Summary: General agreement about the inevitability of continuing education as the new educational form has not yet led to clarity about what this will imply in reality. Impetus has been given to the task of working it out through the mandate given to the Advisory Council for Adult and Continuing Education (ACACE) by the government to promote the development of the concept of education as ‘a process continuing throughout life’. Discussions have also been stimulated by the five possible models for Higher Education in the 1990s proposed by the Department of Education and Science.

ACACE argues that these proposals do not go far enough and that it is necessary to move to an ‘open-ended’ model based upon the continuing or recurrent provision of full-time and part-time further and higher education for all who by virtue of ability, experience and motivation are able to benefit by it regardless of age.
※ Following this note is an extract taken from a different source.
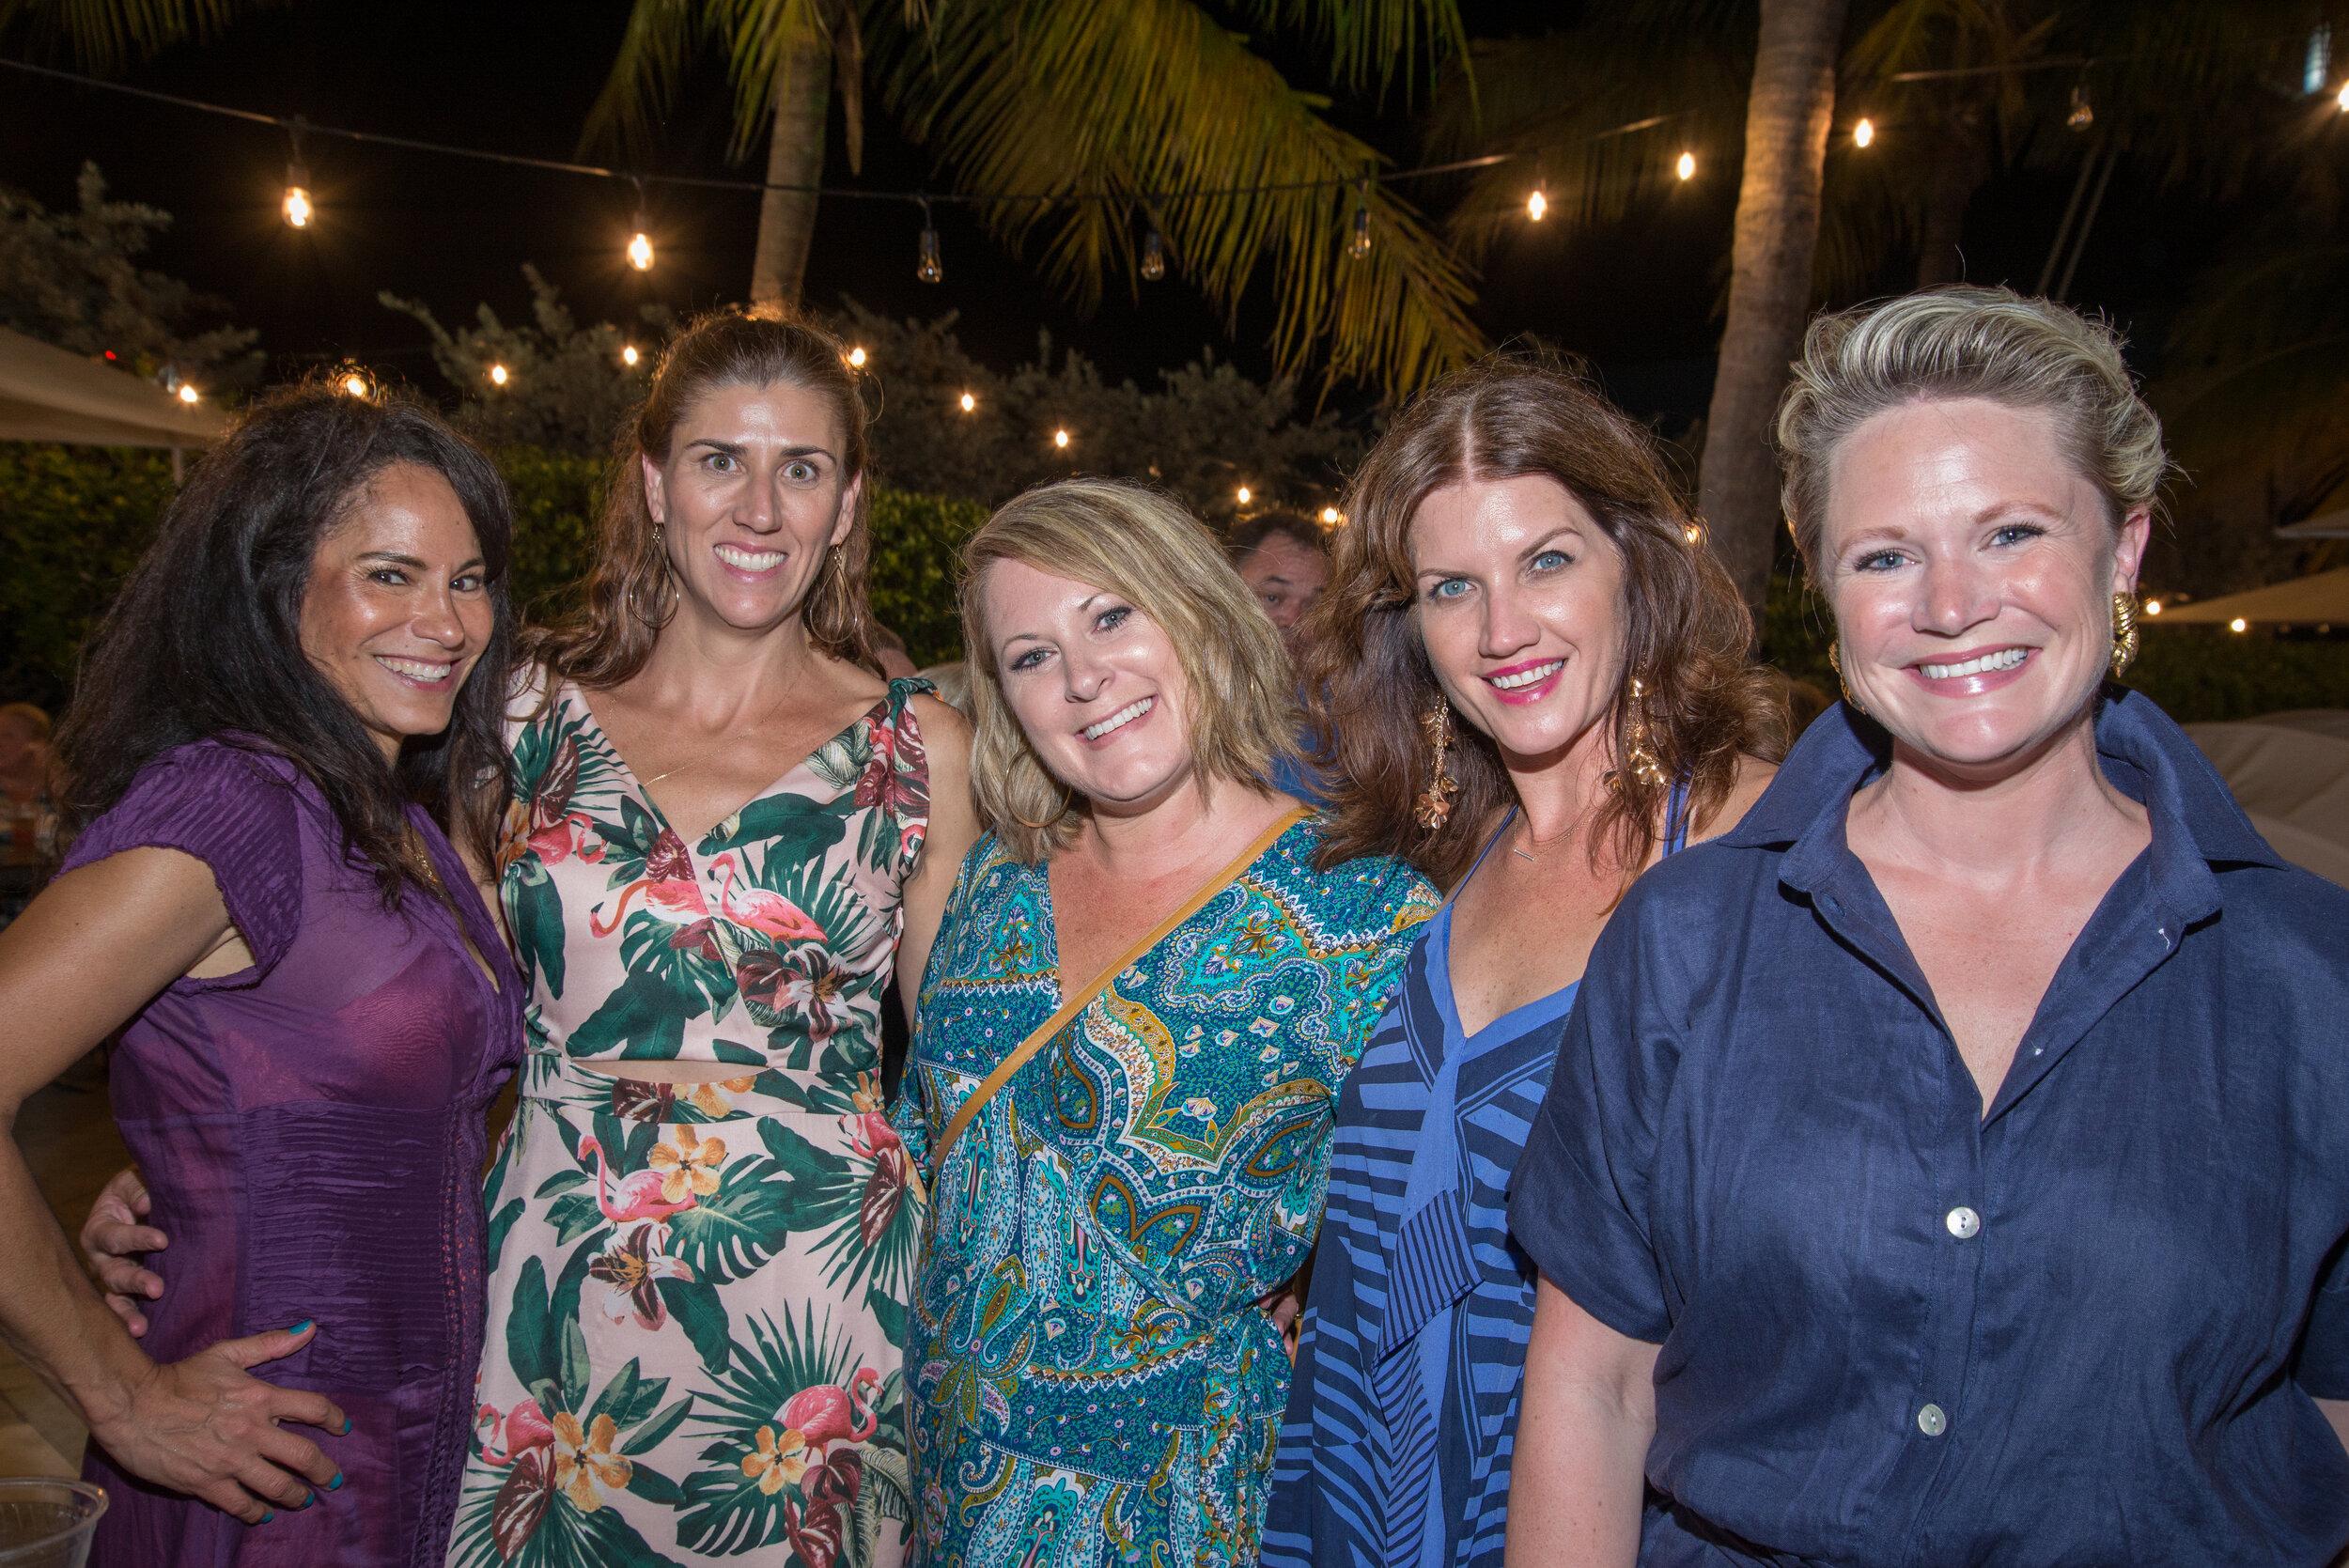 Veronica Knott, Laurie Lenz, Amanda Whelpley, Susan Mahoney, Kate Waterhouse.jpg

To achieve this, it is argued, it is necessary to adopt a student-centred approach and begin by determining the educational needs and wants, both overt and covert, of all adults, not just those who have hitherto been participants in adult education. The key shift of emphasis is to the provision of ‘education for adults’.

Four main barriers to the access of adults to educational provision are discussed: geography, finance, educational qualifications and structural barriers, and some requirements of an effective system of continuing education are outlined.

In conclusion, one possible strategy, that of giving all adults educational entitlements (or credits) as a right is suggested.